La ficción, entonces, como un modo elegido para contar la realidad. ¿Qué dice autoritariamente el diccionario acerca de la ficción?: que proviene de fingir.

Pero fingir tiene tres acepciones:

1- Modular la forma, dar forma, erigir.

2- Representarse, imaginar, modelar con el pensamiento

3- Inventar falsamente, simular, aparentar

Voy a apoyarme en las dos primeras acepciones y sigo solo.

Y defino ficción así: ficción es lo que se hace cuando se narra, no importa qué. Si uno se pone a relatar, escribiendo o hablando, las leyes del relato se apoderan del material contado y lo transforman en ficción. Sea un sueño, una anécdota, un experimento, una idea, un delirio, un testimonio, una confesión, un material clínico, un safari, una experiencia sexual; basta que se haga un relato para que surja la ficción. En todos hay hechos, sucedidos en la realidad o no y la ficción es el relato de esos hechos.

Pero como se sabe, también hay hechos de lenguaje o de palabras. Ricardo Piglia enseñó que se puede también narrar la experiencia del pensamiento, incluso de una teoría, que no hay nada que escape a la ficcionalización, que todo se puede narrar. Por ejemplo, dijo, Einsenstein quería filmar El Capital de Marx. Godard retomó la idea y desistió porque iba a ser como un western, con demasiada acción.
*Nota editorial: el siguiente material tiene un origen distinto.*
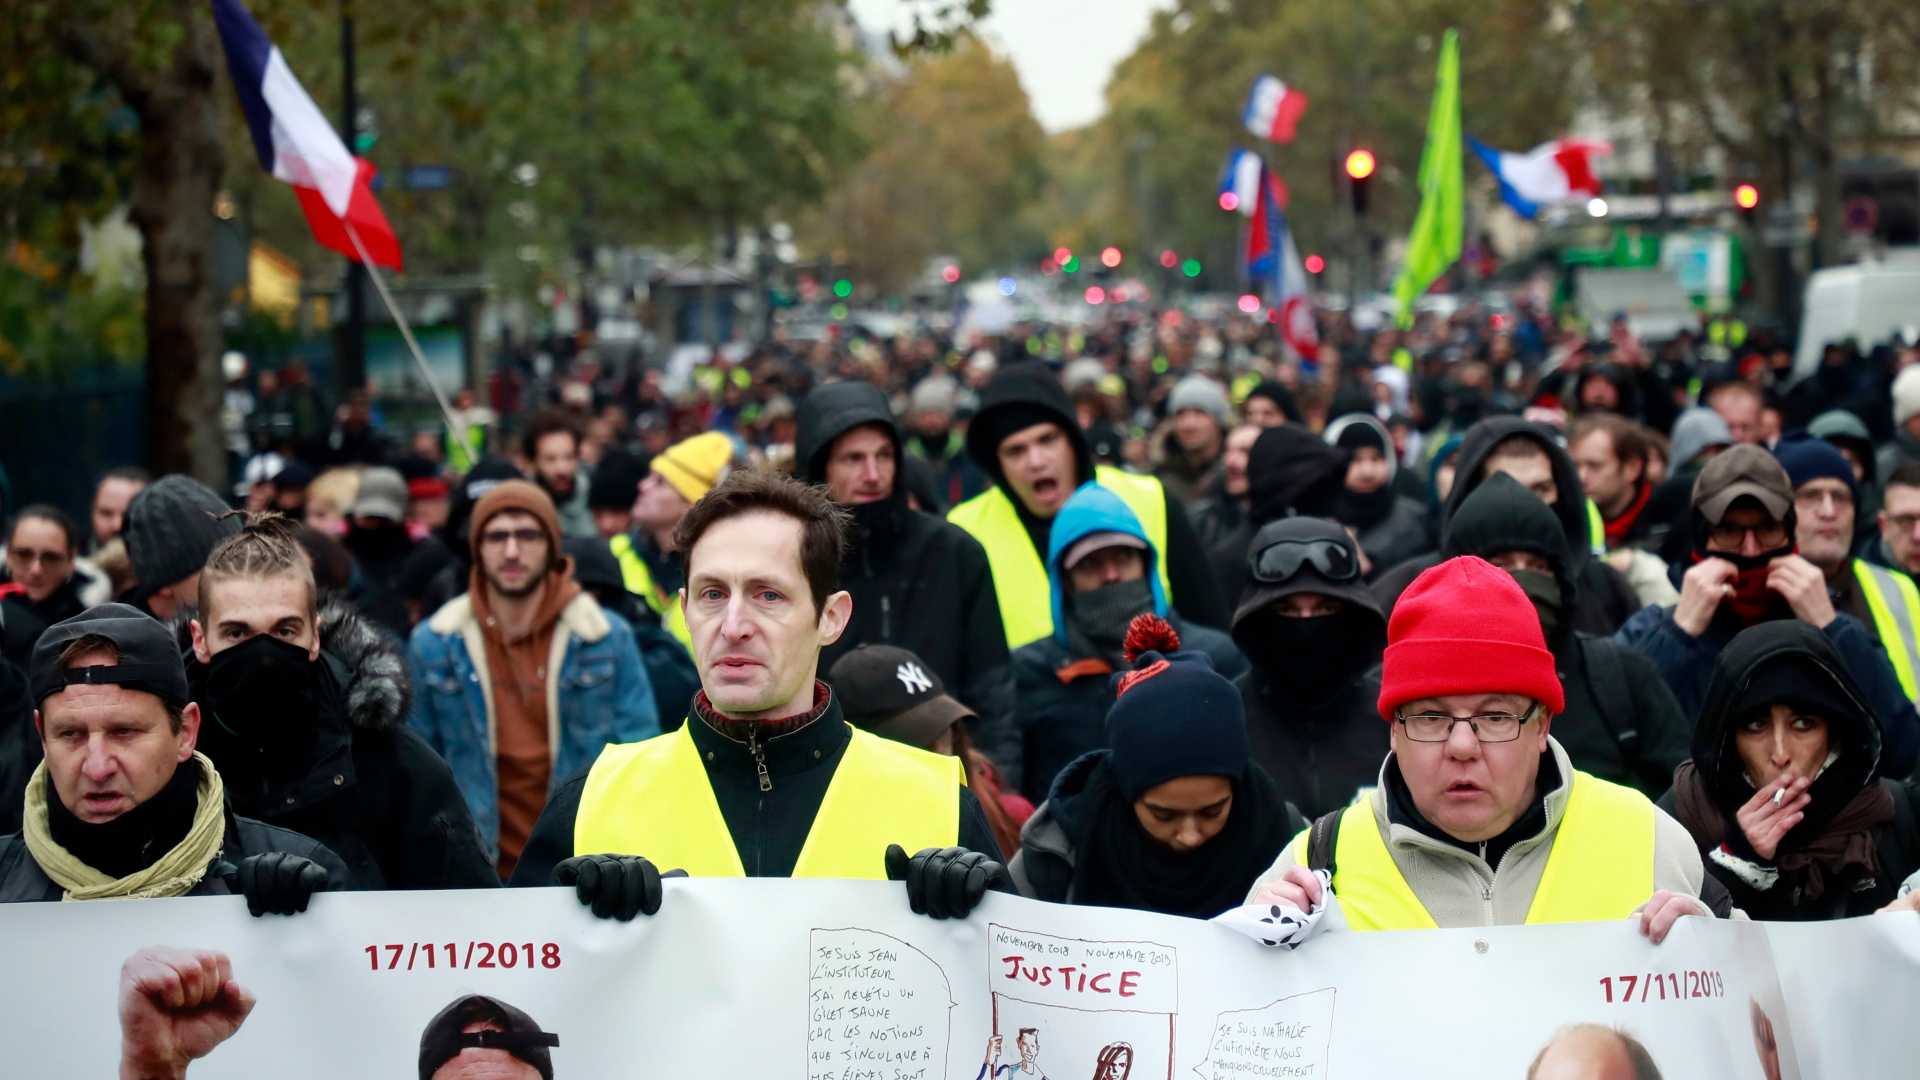 Bildergebnis für fotos vom gelbwestenprotest am 16.11.19 in paris

El tema de la relación entre realidad y ficción se lo puede considerar en dos direcciones: la de cómo se puede contar la realidad, y la de cómo se puede realizar una ficción. Estos dos caminos inversos se llaman ficción y utopía. Cualquier modo de contar, de narrar lo real se llama ficción. La convicción de realizar una ficción se llama utopía.

Cada vez que la utopía fracasó, cuando la realidad mostró su imposibilidad de realizar la ficción, nació algún tipo de realismo. El realismo socialista fue el modo en que se trató de contar lo que no se pudo realizar. Es el nombre de un fracaso tan parcial o total como uno quiera.  El realismo es el fracaso de la utopía. Pero al mismo tiempo es el comienzo de otra, la utopía de poder reproducir la realidad tal cual es.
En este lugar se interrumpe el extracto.